Loki uses different types of storage for its long-term and temporary or short-term storage needs.

Long-term storage

Long-term storage requires Loki has access to a supported object store. This includes:

  • AWS S3
  • Google Cloud Storage
  • Azure
  • Swift
  • S3 Compatible (as Minio)
  • OpenShift Data Foundation

The choice and preparation of an appropriate object storage must be made before attempting to install Loki. As part of the Loki installation process, secrets containing the credentials for accessing the object store should be created before creating the LokiStack instance, along with other resources such as ObjectBucketClaims and ConfigMaps depending on the object store provider chosen.

Short-term storage

Short-term storage uses standard PersistentVolumeClaims. It is configured by specifying an appropriate StorageClass to use. Block storage is preferred for performance reasons. A StorageClass that provides object storage cannot be used.

CPU and Memory Requirements

See the "Loki sizing" table in the LokiStack deployment sizing section of the official Red Hat OpenShift Logging documentation.

NOTE: By default, Loki will deploy its workloads on worker nodes unless appropriate nodeSelectors and tolerations are specified in the LokiStack instance when it is created. If your cluster has dedicated infrastructure nodes, see xxxx

Current Stack

Note: if Fluentd is the collector type, consider reading the Red Hat Knowledge Base "Migrating the log collector from Fluentd to Vector reducing the number of logs duplicated in RHOCP 4".

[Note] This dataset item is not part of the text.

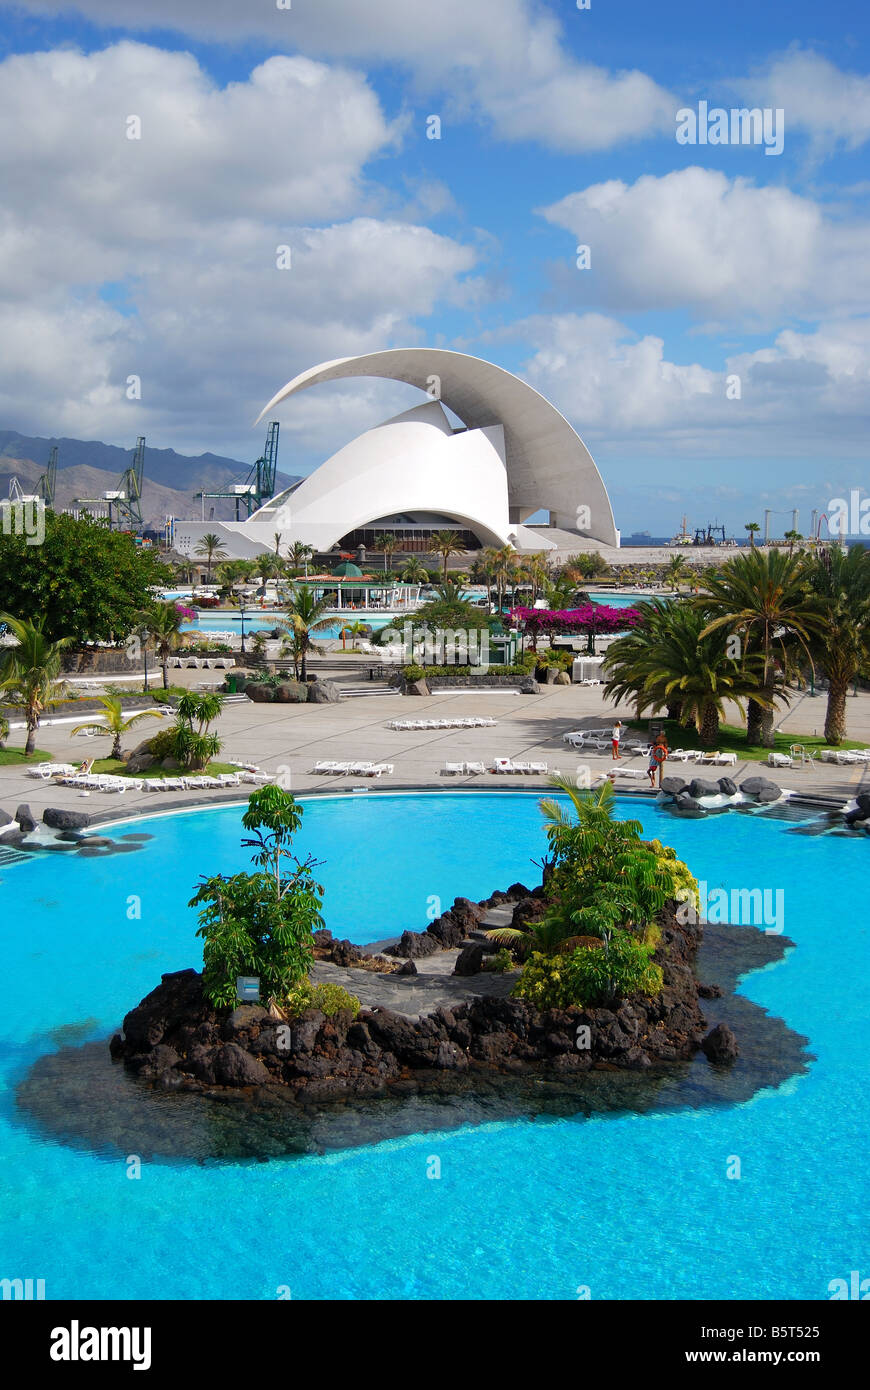 Parque Maritimo Lido und Auditoria de Tenerife, Avenida de la Constitucion, Santa Cruz de Tenerife, Teneriffa, Kanarische Inseln, Spanien Stockfoto

Assuming the current stack looks like the below that represents a fully managed OpenShift Logging stack with Log Store: Elastisearch, and Kibana including collection, forwarding, storage, and visualization.

Disclaimer: the stack might vary regarding resources/nodes/tolerations/selectors/collector type/backend storage used

apiVersion: "logging.openshift.io/v1"
kind: "ClusterLogging"
metadata:
  name: "instance"
  namespace: "openshift-logging"
spec:
  managementState: "Managed"
  logStore:
    type: "elasticsearch"
    elasticsearch:
      nodeCount: 3
      storage:
        storageClassName: gp2
        size: 80Gi
      resources:
        requests:
          memory: 16Gi
        limits:
          memory: 16Gi
      redundancyPolicy: "SingleRedundancy"
    retentionPolicy:
      application:
        maxAge: 24h
      audit:
        maxAge: 24h
      infra:
        maxAge: 24h
  visualization:
    type: "kibana"
    kibana:
      replicas: 1
  collection:
  [...]

If using ClusterLogForwarder to forward audit logs

In the case of using the Forwarding audit logs to the log store guide to forward audit logs to the default log store, there is no need to do change anything on the ClusterLogForwarder resource. The collector pods will be configured to continue sending audit logs to forward new audit logs to LokiStack, too.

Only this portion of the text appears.